Investors pumped in Rs 1.35 lakh crore into various mutual fund (MF) schemes in October, with ‘liquid’ segment contributing the most to the inflow.
It follows an outflow of over Rs 77,000 crore into mutual fund products in the preceding month. It was the highest outflow in a single month since March, when the industry had seen a withdrawal to the tune of Rs 1,09,897 crore.
According to data from the Association of Mutual Funds in India (Amfi), investors have poured in a net of Rs 1,34,564 crore in MF schemes last month.
With this, the total net inflow in MF schemes has crossed over Rs 2.15 lakh crore in the April-October period of the current fiscal, 2015-16. In comparison, mutual funds had witnessed an outflow of Rs 1.55 lakh crore in the year-ago period.
The latest inflow has been mainly driven by contribution from liquid funds and money market funds.
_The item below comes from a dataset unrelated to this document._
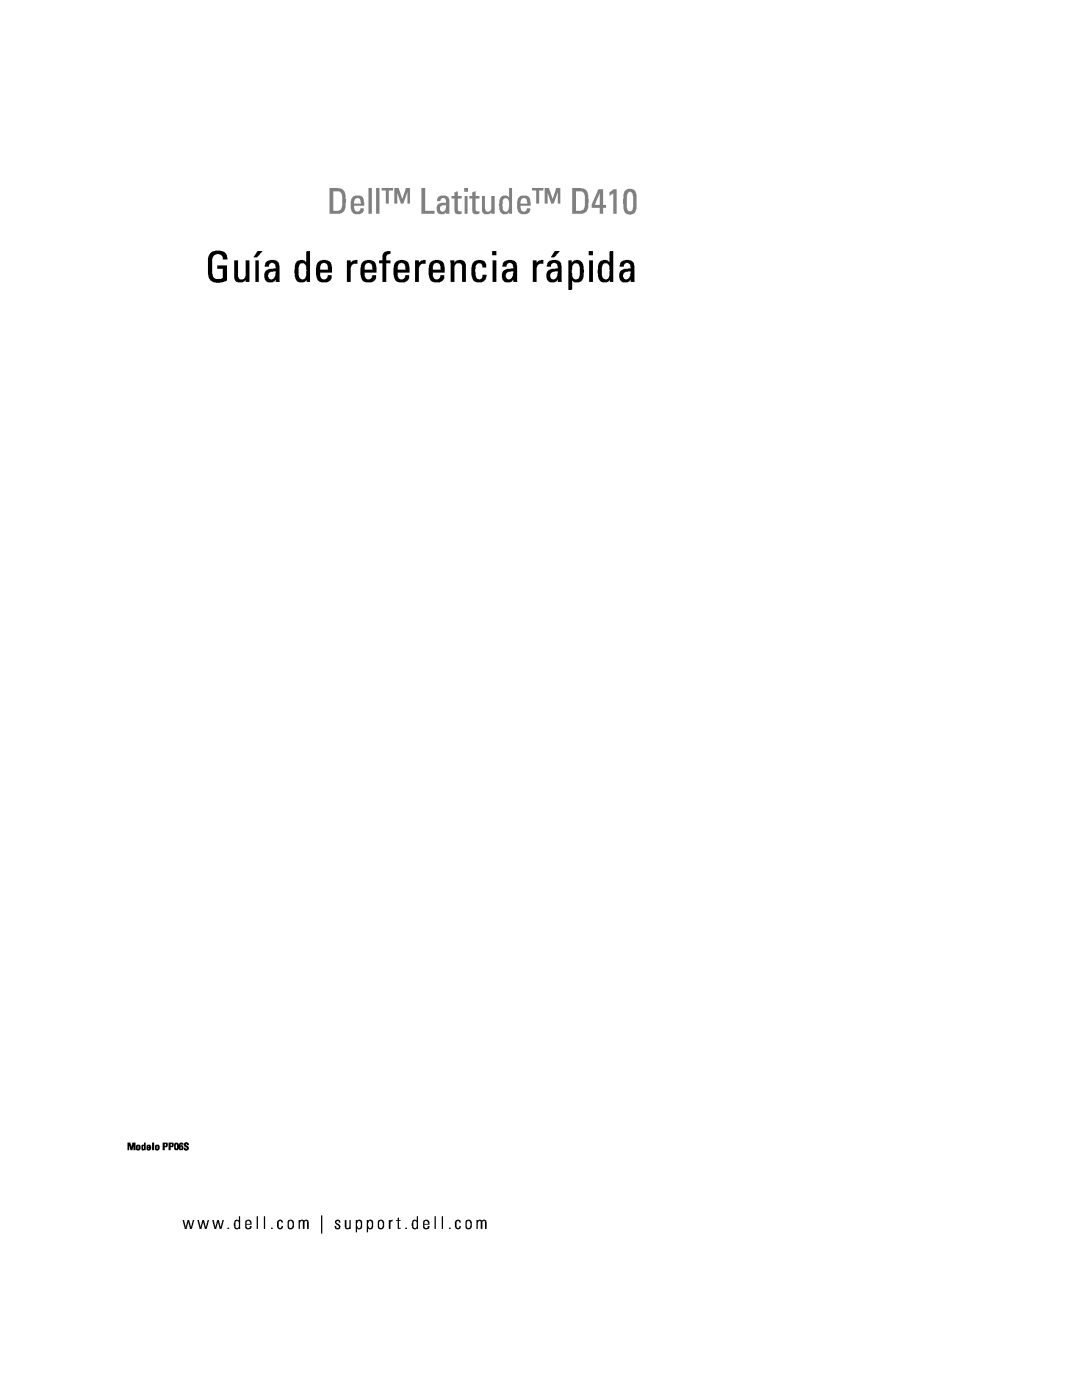 Dell manual Guía de referencia rápida, Dell Latitude D410, Modelo PP06S

Besides, investors continued to maintained bullish stance on the equity schemes.
Liquid or money market fund category witnessed Rs 1.03 lakh crore being poured in last month, income funds too saw net inflows of Rs 22,875 crore. However, equity and equity linked schemes saw an inflow of Rs 6,269 crore.
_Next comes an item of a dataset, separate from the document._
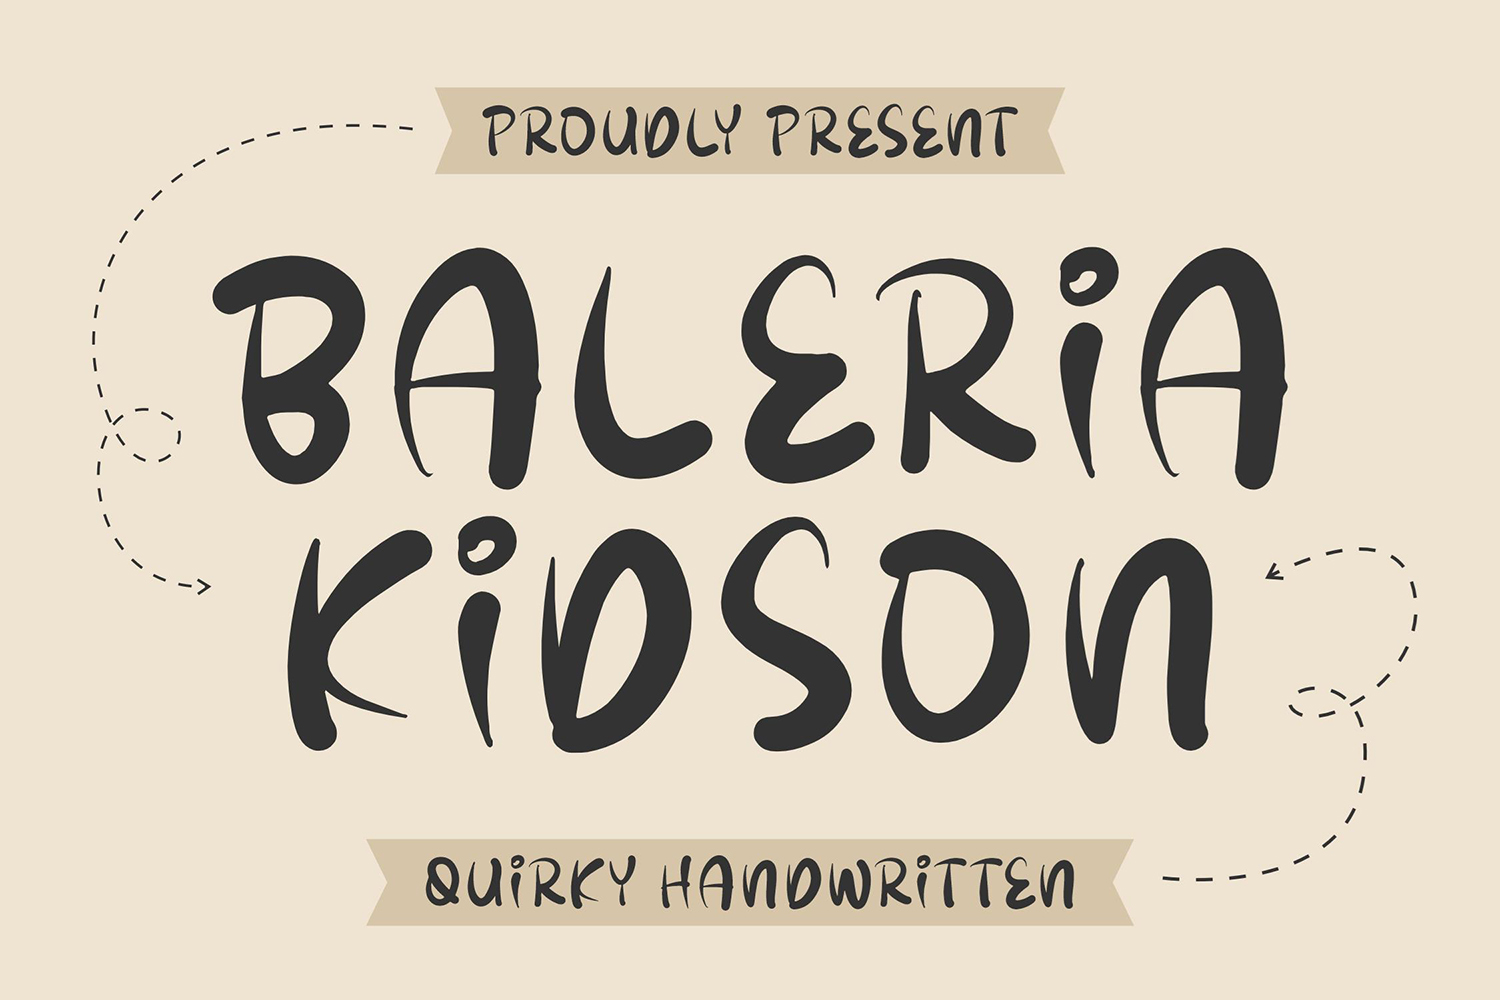 Baleria Kidson Free Font

Liquid and money market funds invest mainly in money market instruments like commercial papers, treasury bills, term deposits and certificate of deposits. These funds have a lower maturity period and do not have any lock-in period.
The asset base of the country’s 43 fund houses increased to an all time high of Rs 13.24 lakh crore last month from Rs 11.87 lakh crore in September.